Julie, 33, initially got hooked on chiropractic videos for the cracking sounds, but stuck around for the sense of relief those sounds give her. She said hearing the series of pops up a stranger’s spine feels like “a release of anxiety,” even though she’s nowhere near the table herself and has no interest in getting adjusted. (A bad experience with a Groupon chiropractor a few years ago left a bitter taste.) “They all seem like snake oil salesmen to me,” she said. “I doubt the adjustments have the medical impact they’re claiming.” She’d rather just watch.

You could make a supercut of a certain scene that appears in most of Cipriano’s channel. It would be extremely emotionally charged, like the emotional equivalent of a looping, roaring chorus. There’s a few moments after he finishes his adjustment where the patients put their hands on their faces and start crying, and he gently removes whatever strap or apparatus he was using to jostle their joints around, and says something like, How are you feeling? The overwhelmed patients mutter something incoherent, sounding like a kid stumbling off their first roller coaster.

This moment, Cipriano thinks, is why most people keep coming back to chiropractic YouTube. People want to see an expression of relief, to see someone go from feeling bad to feeling good in the matter of a few minutes. It’s miraculous, which perhaps hints that it can’t be lasting or real; nothing that good can be honest. Lierre and Cipriano both see the booming popularity of adjustment videos as commentary on the healthcare system in the United States. “It’s pretty telling that, in the U.S., there’s people watching other people get medical procedures that a lot of us probably need and can’t afford,” Lierre said. “We’re like, Oof look at that; envy after this healthcare that most of us don’t have.”

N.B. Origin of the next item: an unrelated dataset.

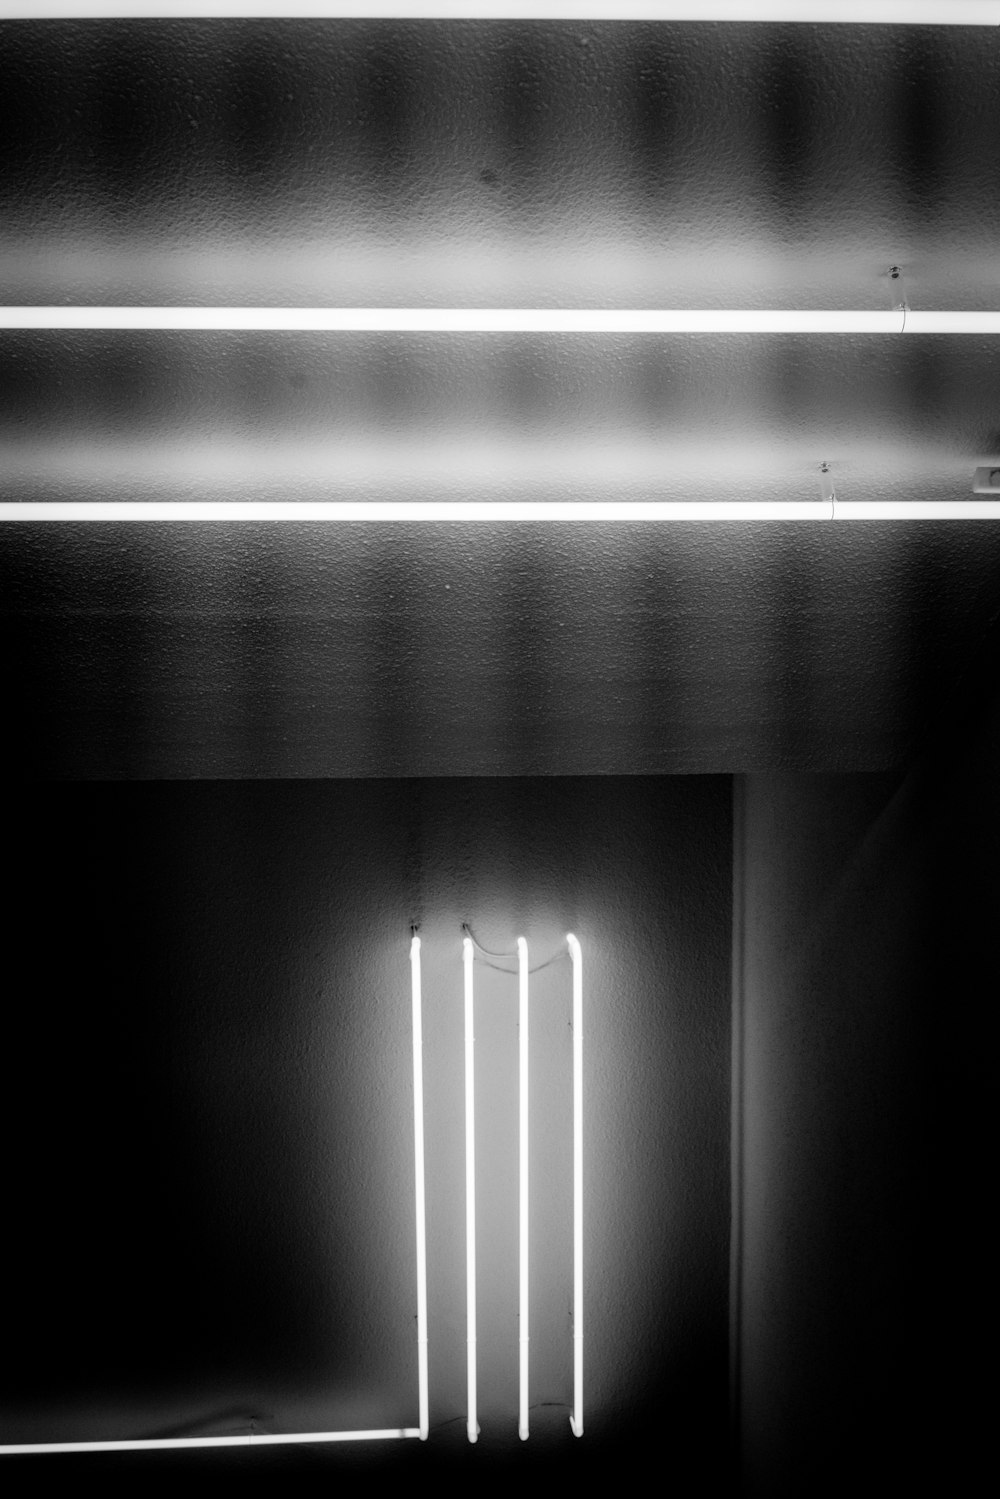 Photographie en niveaux de gris de lampes fluorescentes allumées à l’intérieur d’une pièce
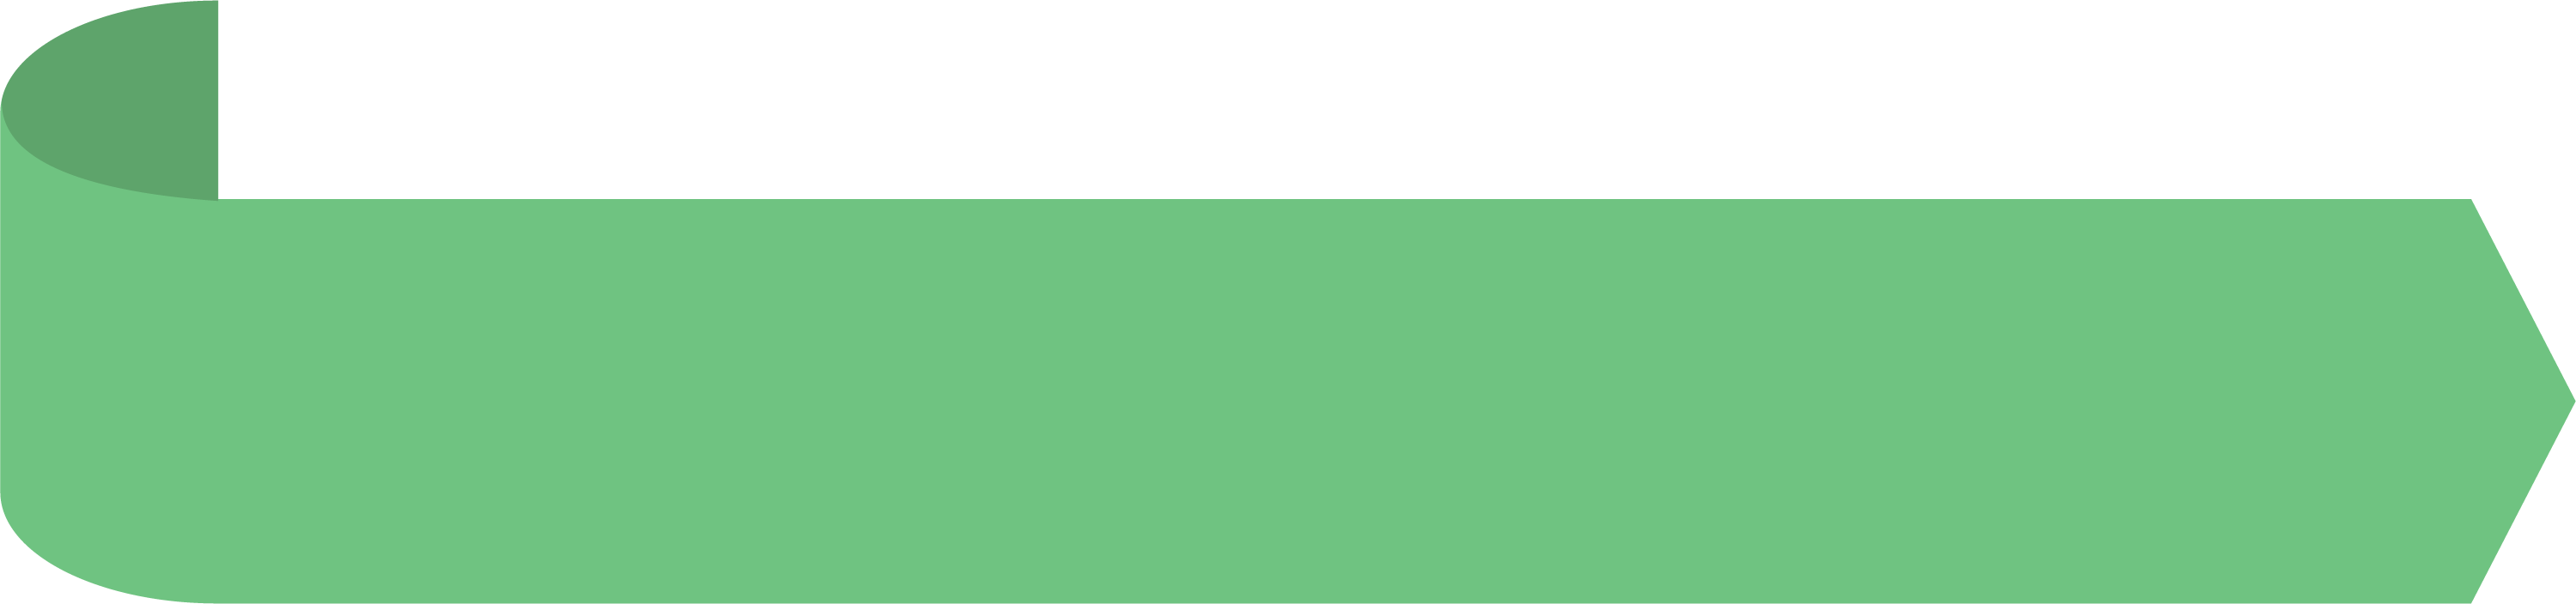 Зеленая полоска. Салатовая полоска. Полоска зеленая на прозрачном фоне. Полоса зеленого цвета. Зеленая прямая линия

Even at $200 per visit (or $100, if you opt to be filmed), having your joints professionally popped is a lot more affordable than going through the proper diagnostic channels for a chronic back issue that may never be resolved. Disheartened by traditional (read: science-backed) medicine, people seek alternatives. This is the entire thesis of the wellness industry.

“Nowadays, people are trying to seek out alternative ways to deal with pains they’re having,” Cipriano said. “People see these videos who never thought to try a chiropractor, and they’re saying, ‘Oh my gosh, people are actually getting relief… from a chiropractor?!’ So many people thought of our profession—I hate to say—as a joke.”